Problem requirements | After finding the line containing "Scoutmas is coming" below, please output that line and each following one through the line containing "Confessions of an", exactly as written.

Source data |
--*--

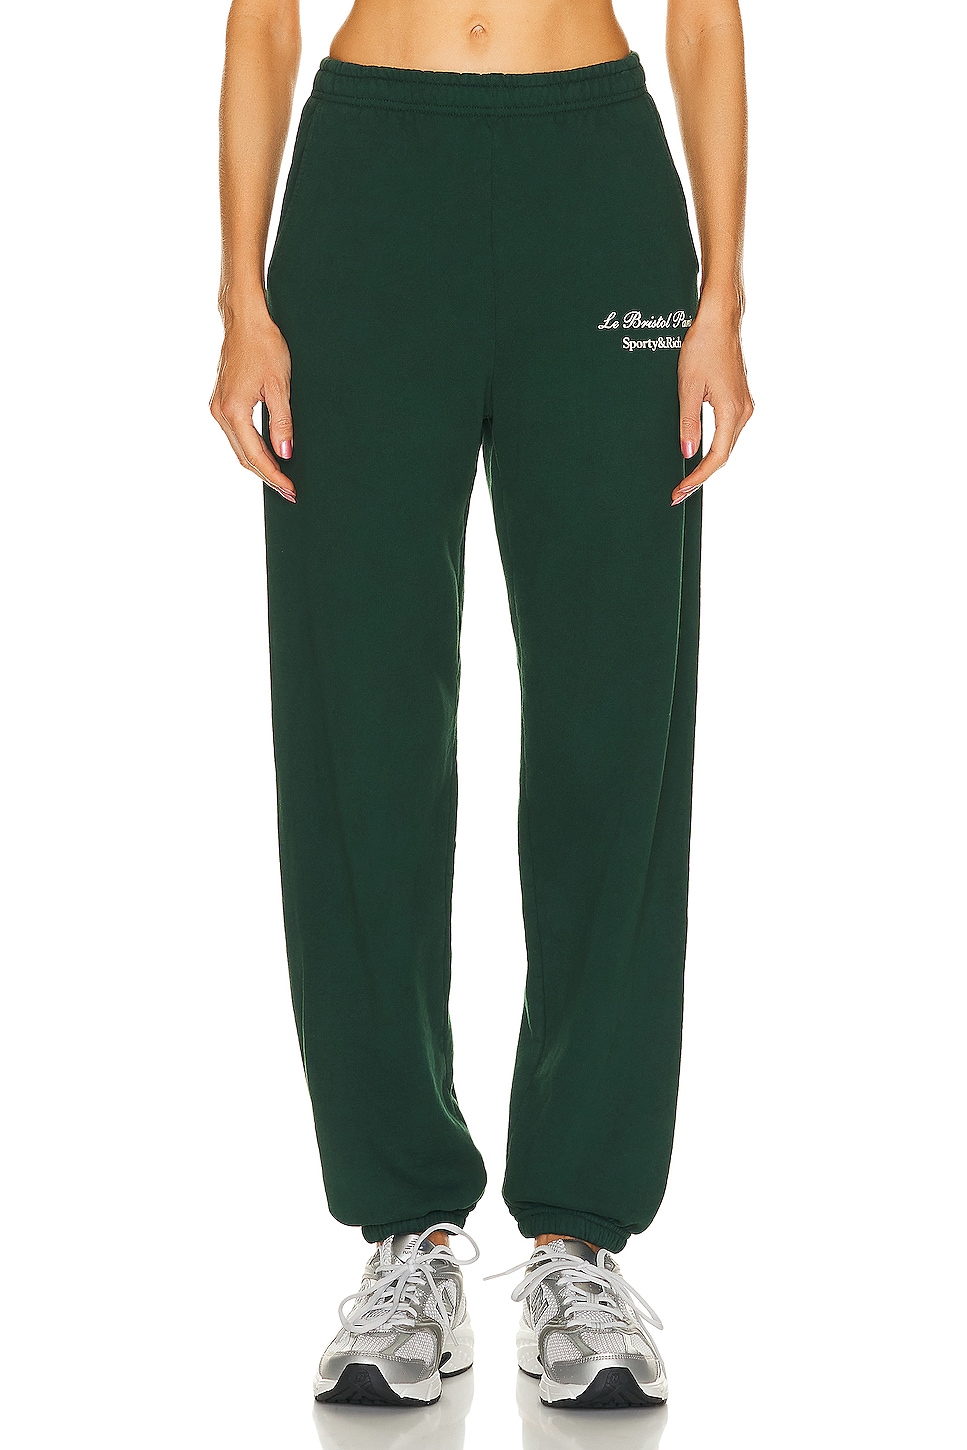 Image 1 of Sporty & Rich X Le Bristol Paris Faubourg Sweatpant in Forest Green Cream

--*--

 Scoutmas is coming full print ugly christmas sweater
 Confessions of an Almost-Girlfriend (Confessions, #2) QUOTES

--*--

Expected answer |
 Scoutmas is coming full print ugly christmas sweater
 Confessions of an Almost-Girlfriend (Confessions, #2) QUOTES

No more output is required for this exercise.